Going into the second half, Ford faces an expensive launch of its new Super Duty pickup truck, as well as a Brexit-related $145 million hit to sales.

Citi maintains its Neutral rating on Ford, but prefers General Motors Company . Citi analyst Itay Michaeli said GM is more exposed through midsize trucks while Ford's new higher-contented trucks are cutting into margins — a trend that could linger into 2017.

"In 2016–17, GM is redesigning exceptionally older cars and crossovers, meaning that the year-over-year profit comp is likely also quite easier. We don't think Ford enjoys similar tailwinds making it more susceptible to current industry pricing pressures in sedans," Michaeli wrote in a note.

On the inventory front, Ford edges out GM so far this year, which could impact Ford's upcoming third-quarter results.

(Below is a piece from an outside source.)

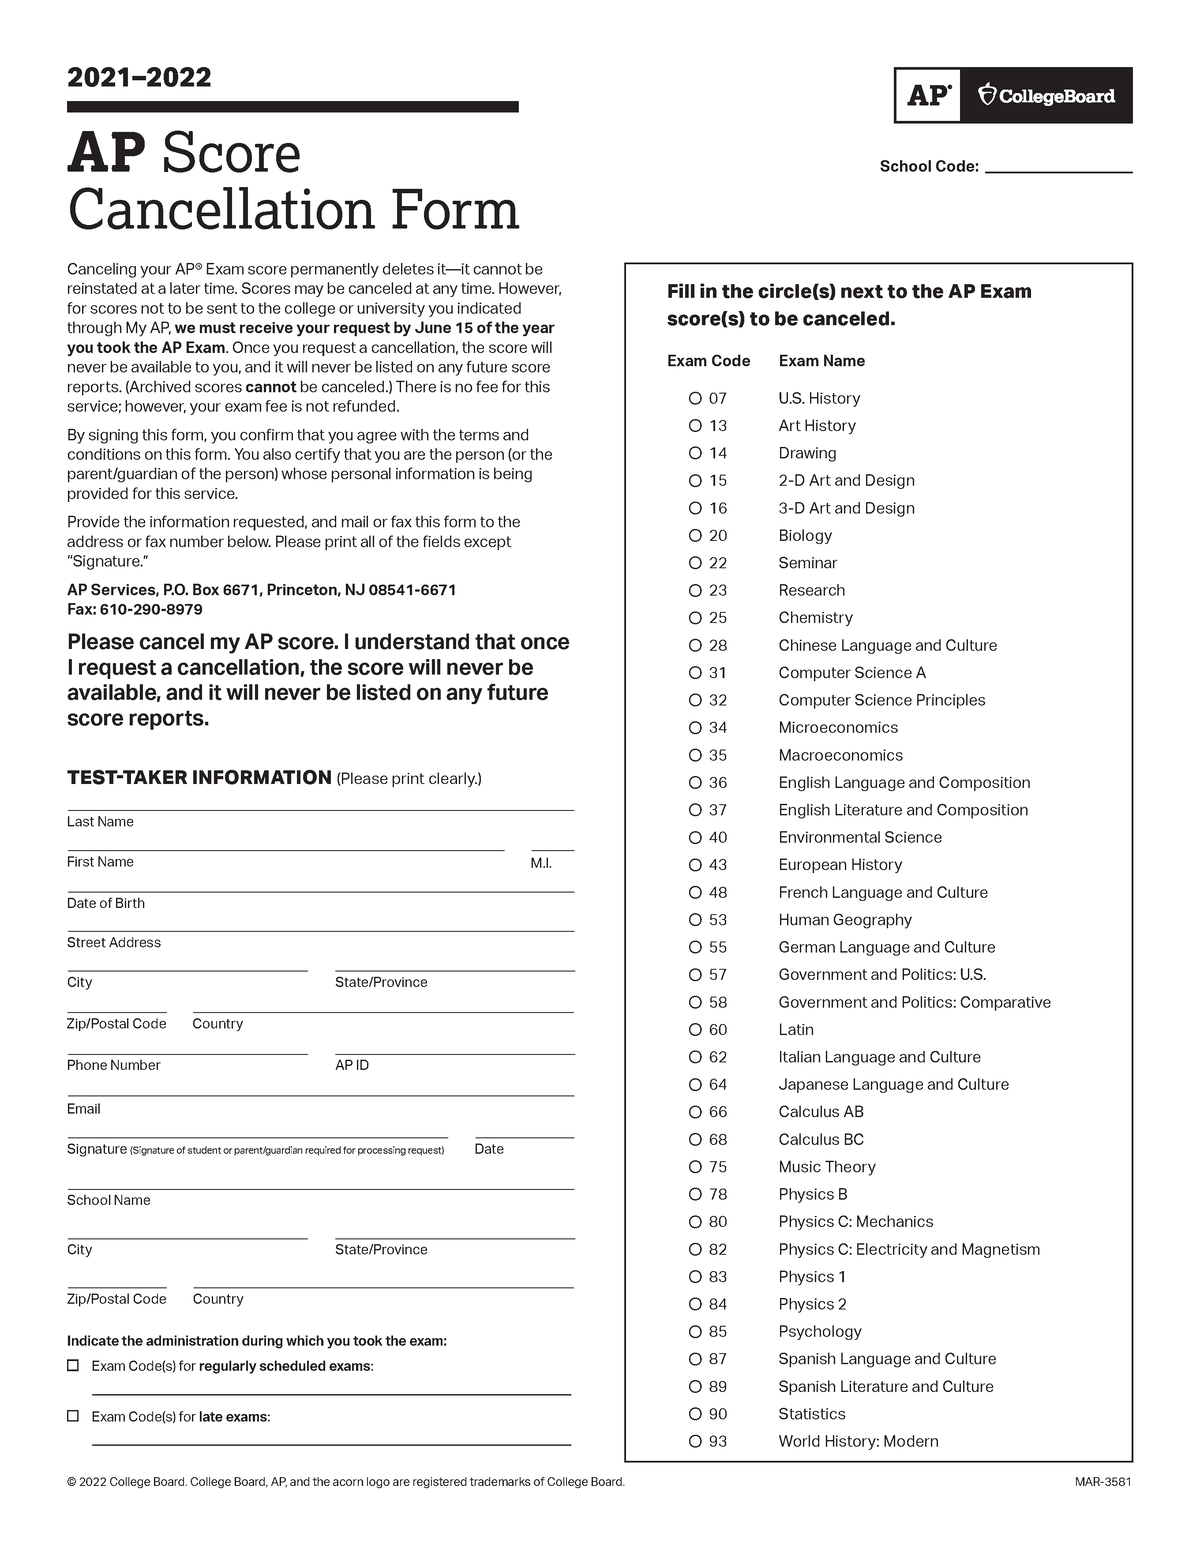 Ap Score Cancellation Form 2021 AP Score Cancellation Form School 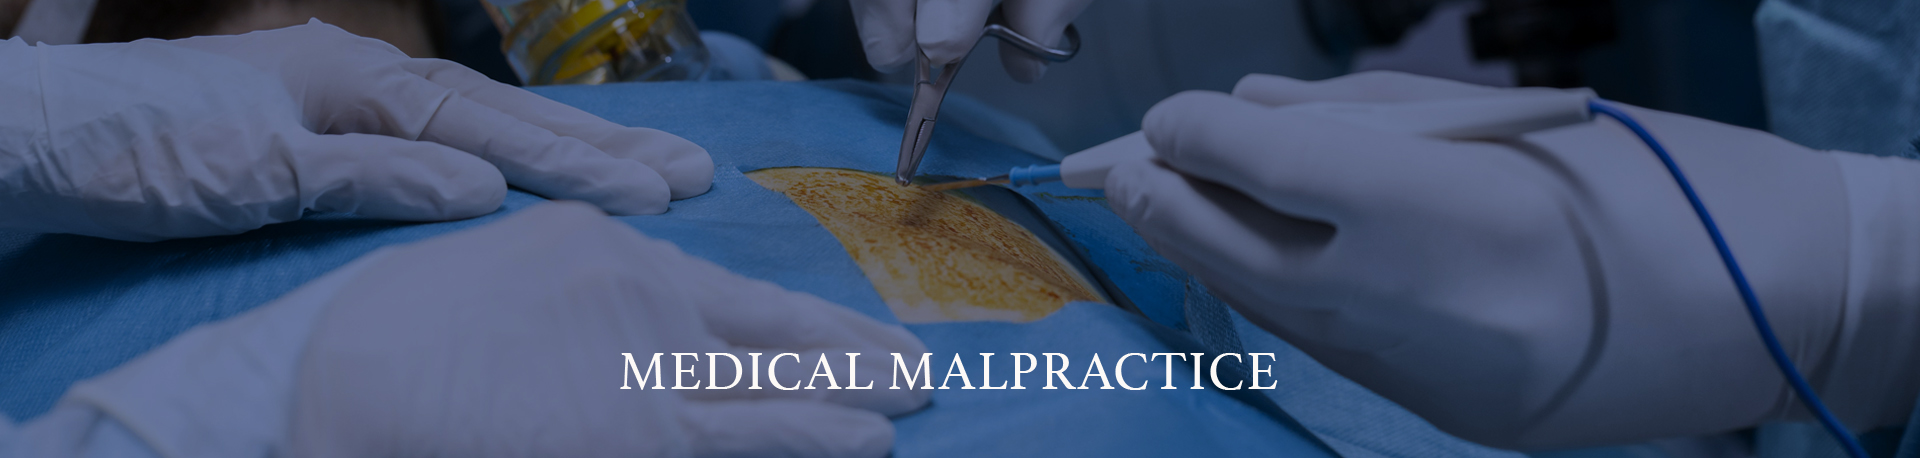 AOP_Medical_Malpractice_HEADER

But even more than North American issues, the analyst remains concerned about weak demand in China during the coming quarter.

While Ford forecasts another strong year and is committed to full-year guidance on pretax profit and operating margin (equal or better than last year), the company now sees challenges to achieving guidance.

Meanwhile, the analyst said the automaker's second half North America margin guide appears "respectable" at 8 to 9 percent, which would put 2016 at around 10 percent (aided by a strong truck mix). Management also appeared to stick with its 8 to 10 percent go-forward NA margin view.

 Michaeli cut the price target by $2 to $13, implying a potential return of 2.3 percent.